Standard guidance for the management of bleeding manifestations associated with DIC or septic coagulopathy should be followed if bleeding occurs; however, bleeding manifestations without other associated factors is rare.
acute respiratory failure
Reported in 8% of patients in case series.
Leading cause of mortality in patients with COVID-19.
Children can quickly progress to respiratory failure.

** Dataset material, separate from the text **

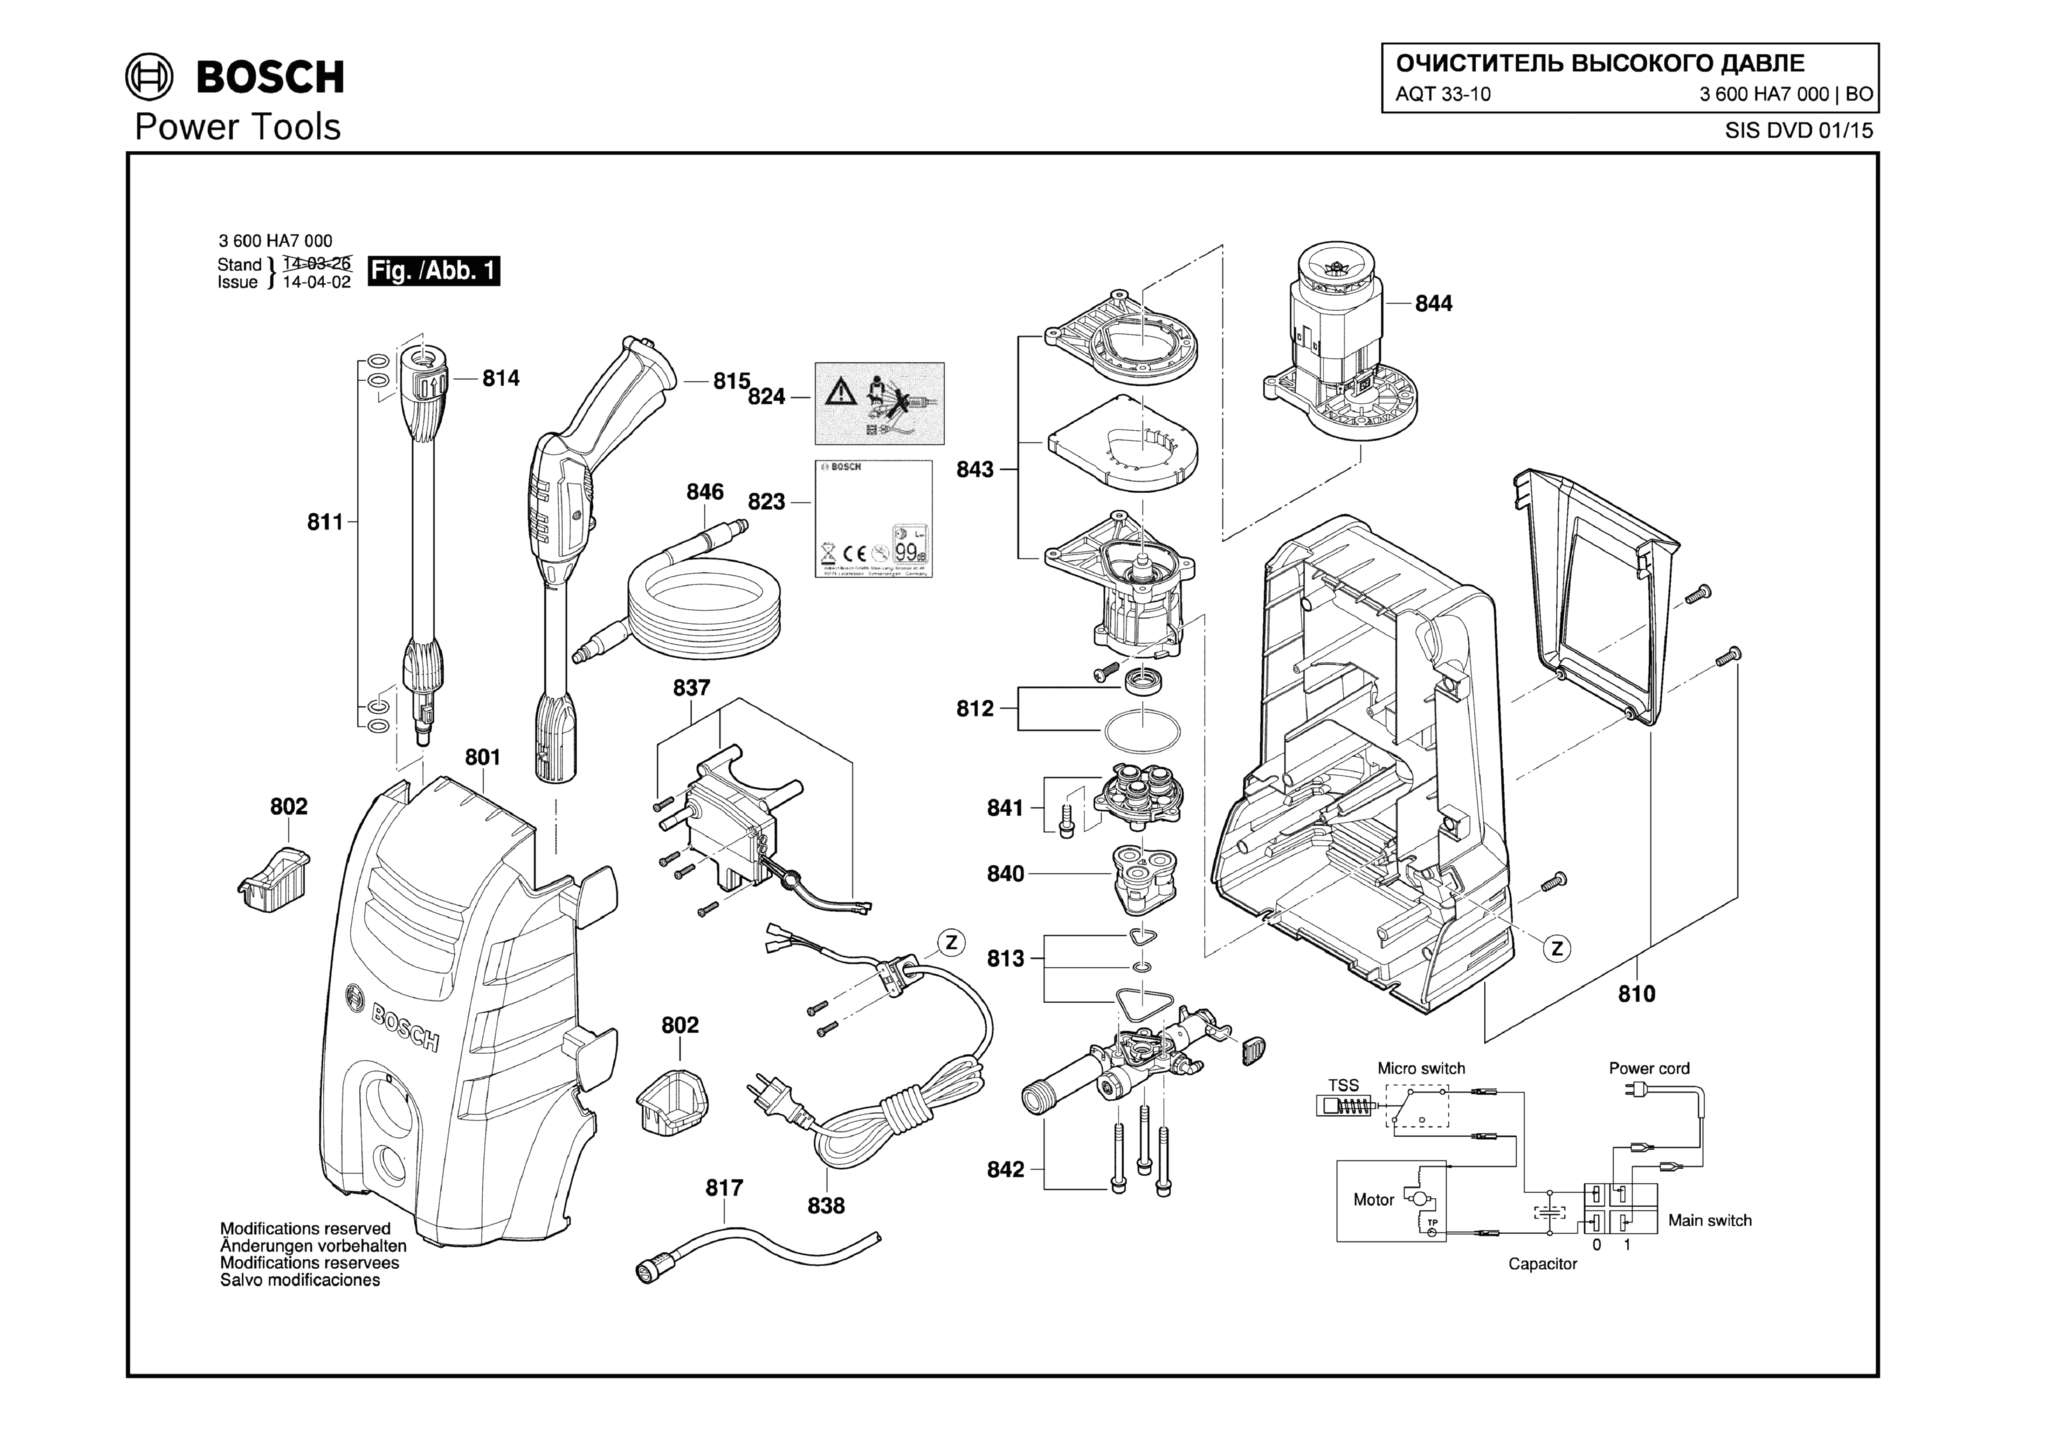 Запчасти, схема и деталировка Bosch AQT 33-10 (ТИП 3600HA7000)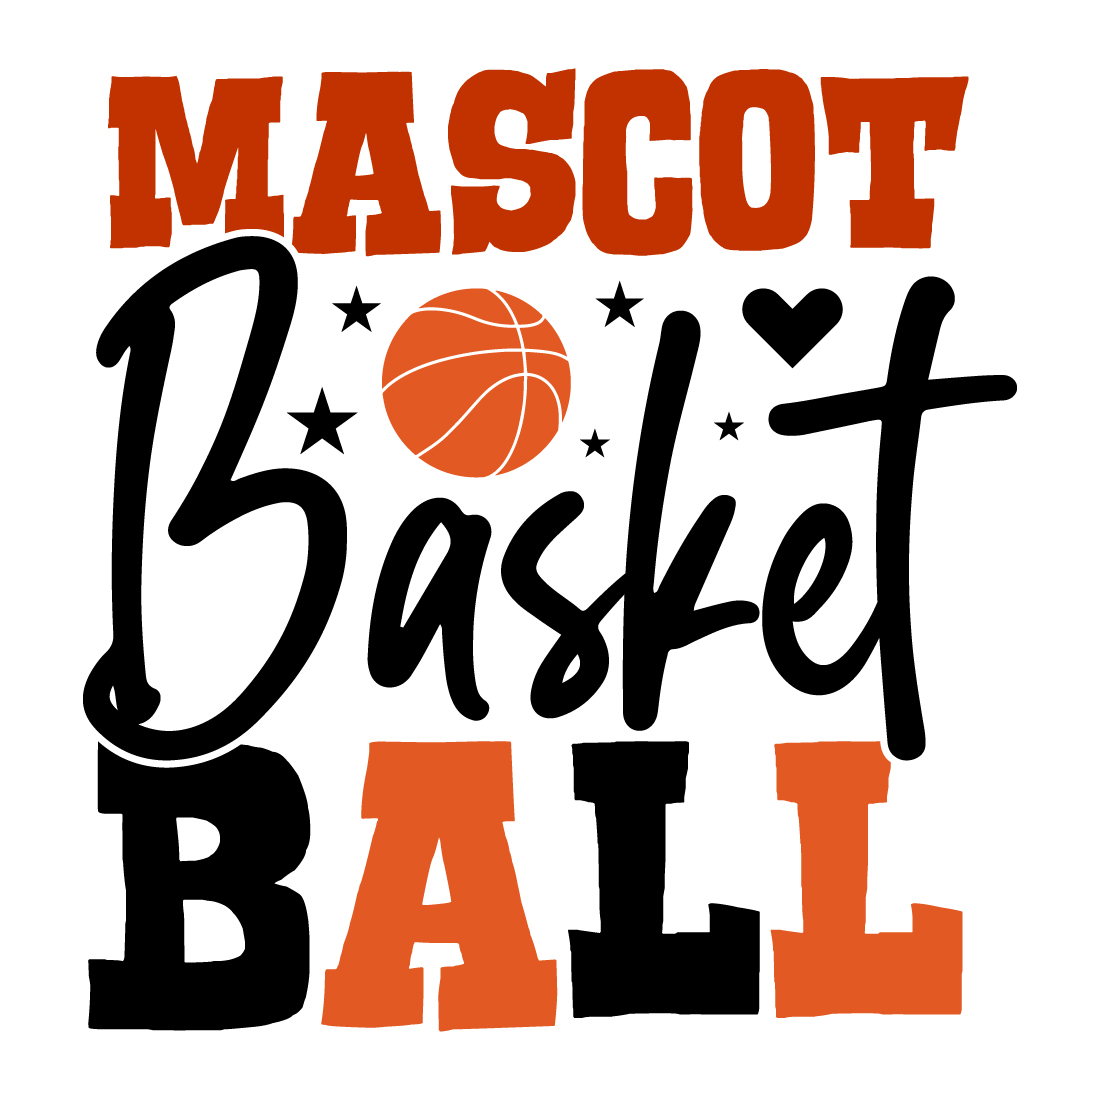 Mascot Basketball preview image.

Patients with COVID-19 may have a higher risk of developing ventilator-associated pneumonia compared with patients without COVID-19. Overall, ventilator-associated pneumonia was reported in 48.2% of mechanically ventilated patients and the mortality rate was 51.4%.
cytokine release syndrome
Cytokine release syndrome may cause ARDS or multiple-organ dysfunction, which may lead to death. Elevated serum proinflammatory cytokines (e.g., tumour necrosis factor alpha, interleukin-2, interleukin-6, interleukin-8, interleukin-10, granulocyte-colony stimulating factor, monocyte chemoattractant protein 1) and inflammatory markers (e.g., C-reactive protein, serum ferritin) have been commonly reported in patients with severe COVID-19. This likely represents a type of virus-induced secondary haemophagocytic lymphohistiocytosis, which may be fatal. Interleukin-6, in particular, has been associated with severe COVID-19 and increased mortality.
One study found that patients who require admission to the intensive care unit have significantly higher levels of interleukin-6, interleukin-10, and tumour necrosis factor alpha, and fewer CD4+ and CD8+ T cells.
However, the pooled mean serum interleukin-6 level was markedly less in patients with severe or critical COVID-19 compared with patients with other disorders associated with elevated cytokines such as cytokine release syndrome, sepsis, and non-COVID-19-related ARDS. These findings question the role of cytokine storm in COVID-19-induced organ dysfunction, and further research is required.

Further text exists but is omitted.